Exploring Galatians: A Matter of Conscience

There is a division in the Body of Christ that we’re going to explore. It may make some of you uncomfortable or even angry. But this topic is really just an extension of the very same spirit Paul was confronting in his letter to the Galatians.

Paul writes, “However at that time, when you did not know God, you were slaves to those which by nature are no gods. But now that you have come to know God, or rather to be known by God, how is it that you turn back again to the weak and worthless elemental things, to which you desire to be enslaved all over again? You observe days and months and seasons and years. I fear for you, that perhaps I have labored over you in vain.” (Galatians 4:8–11, NASB95) Essentially the Galatians were slaves to their old gods, became sons through Christ, and now sought to become slaves all over again. Paul’s example of this return to slavery is the legalism of observing days, months, seasons, and years.

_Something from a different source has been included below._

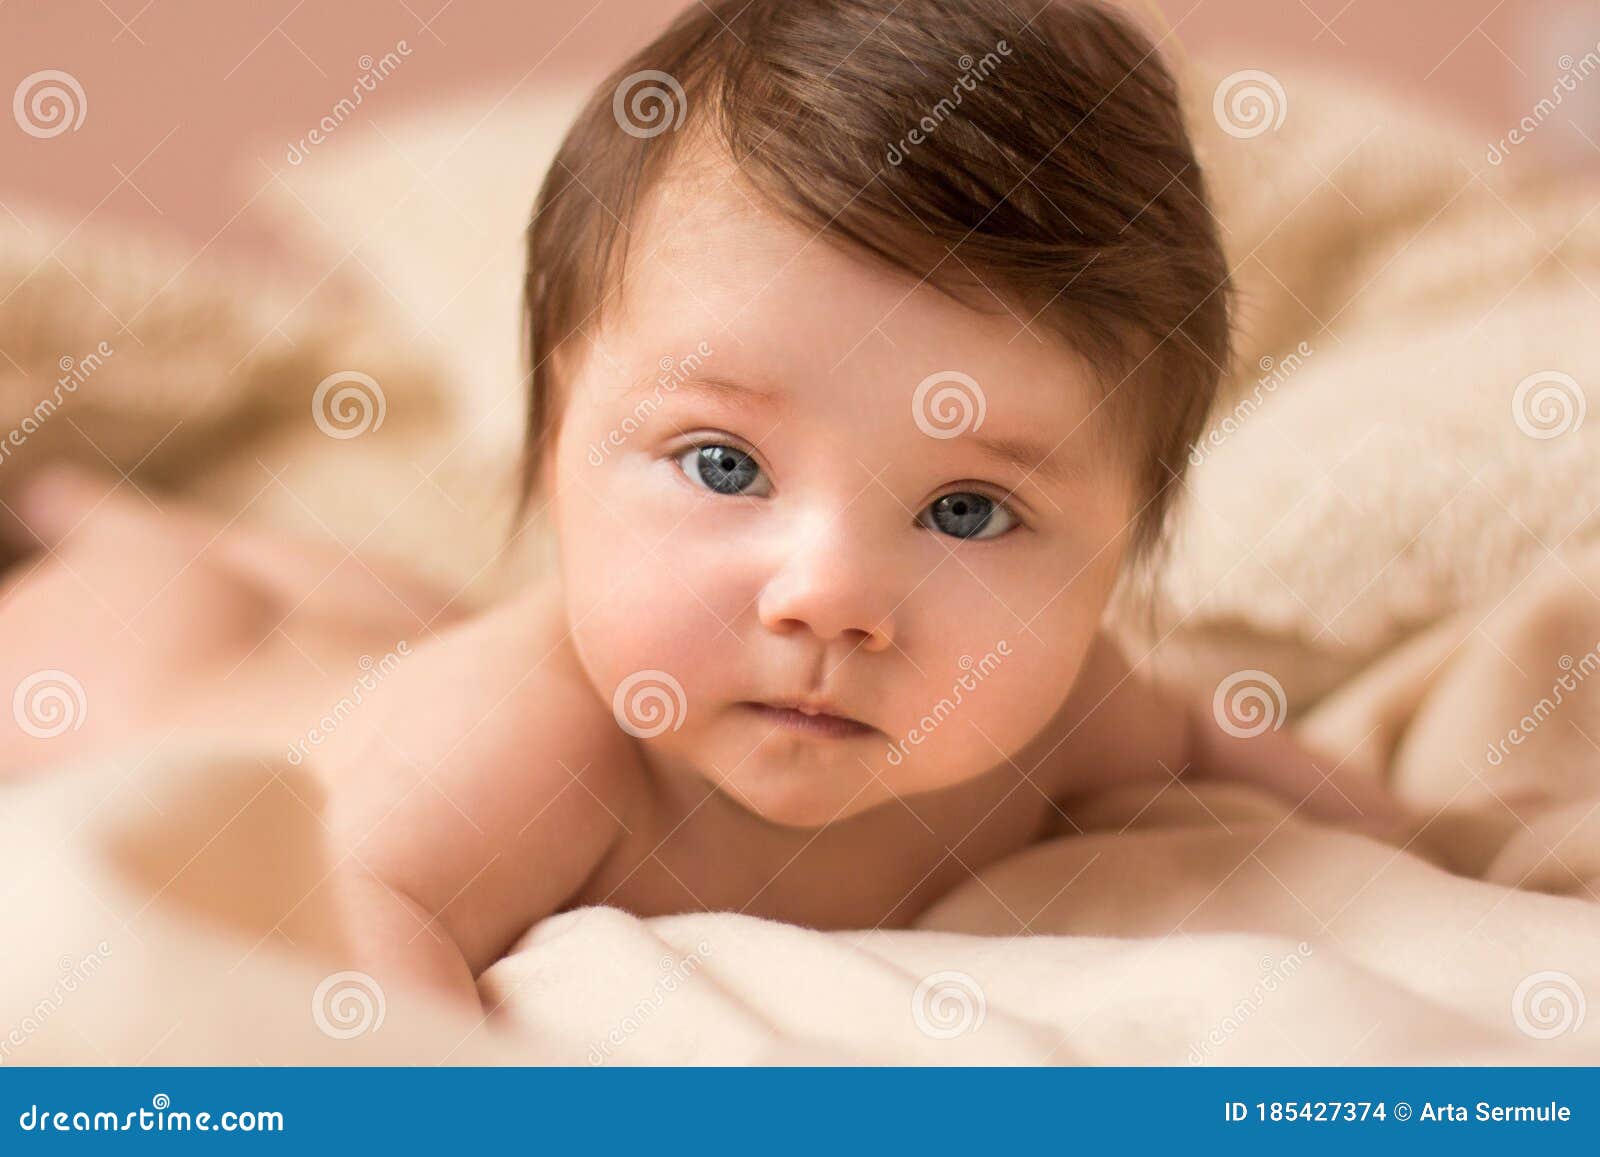 Portrait of Adorable Smiling Newborn Baby with Thick Brown Hair . Newborn  Child Relaxing in Bed Stock Photo - Image of happy, child: 185427374

Observing days in the sense of Paul’s text is not the passive notice of what day it is. It is the ritualistic keeping of certain days and times. The most prevalent example being the keeping of the Sabbath. For observant Jews, keeping the Sabbath and the rules around it is vitally important. The Law of Moses provides very strict guidelines on what can and cannot be done on the Sabbath. This is the kind of “observing” that Paul has in view.

Now, we all have special traditions around certain days. Most of those traditions are harmless. The difference between a harmful tradition and a harmless one is the consequence to me and others if that tradition is not kept. Wearing green on St. Patrick’s day is a harmless tradition unless someone loses a job over it. I believe that Paul is saying celebrate certain days, just don’t become a slave to them or judge people concerning them. We are free in Christ to celebrate Christmas or to ignore it.

In both Romans and Colossians, Paul considers the keeping of days to be a matter of conscience and not a matter of Law. To the Romans, Paul wrote, “One person regards one day above another, another regards every day alike. Each person must be fully convinced in his own mind.” (Romans 14:5, NASB95) To the Colossians, “Therefore no one is to act as your judge in regard to food or drink or in respect to a festival or a new moon or a Sabbath day.” (Colossians 2:16, NASB95) These are matters of personal conviction and not matters to divide the Body of Christ over. But that is exactly what some have done.

Are we to gather in worship on Saturday or Sunday? Interestingly the New Testament doesn’t say one way or the other. The Jewish tradition is that the sabbath day is sunset Friday evening to sunset Saturday. The Law also indicates in the Ten Commandments, “Remember the sabbath day, to keep it holy. Six days you shall labor and do all your work, but the seventh day is a sabbath of the Lord your God; in it you shall not do any work, you or your son or your daughter, your male or your female servant or your cattle or your sojourner who stays with you.” (Exodus 20:8–10, NASB95) Here’s the question, is it the day that is important? Do we even know that what we call Saturday is directly in line with the seventh day of creation? The point of the law was to set aside one day out of seven for rest and worship.

There are some of you reading this who gather for worship on Saturday – which is fine and fantastic. There are others of you reading this who gather for worship on Sunday – that is also fine and fantastic. And there may be some who, because of life-giving work or other circumstances, gather in some way on another day of the week – that too is fine and fantastic. If you are convicted that Saturday is the day, then God bless you; I will not judge you or divide with you over it. And, since I’m a Sunday kind of guy, I trust that you will not judge me or divide with me because of my conviction or practice.

We can take this even deeper and consider what that day should look like. What do our gatherings entail? Even here, there has been division. Some avoid singing or instruments while others embrace them. Some are formal and liturgical, others are less formal, and some are rather casual in their gatherings. When it comes to church, name anything you’d like, and someone has divided over it. How fancy or plain is our building? Is there even a building, or do we meet in homes? What adornments are permitted? Should there be a clock? How is the room arranged? How long does the service last? On and on and on it goes.

Here’s Paul’s point to the Galatians and for us. When we allow any of these matters of conscience and conviction to divide us, then we are living as slaves instead of as sons. There are some concrete things which we must agree on, such as the death and resurrection of Jesus. But much of the other stuff that seems so important in the heat of a moment are really matters of personal conviction. They are the stuff where grace lives. In love, let us all extend grace to one another instead of the bitter fruit of judgment.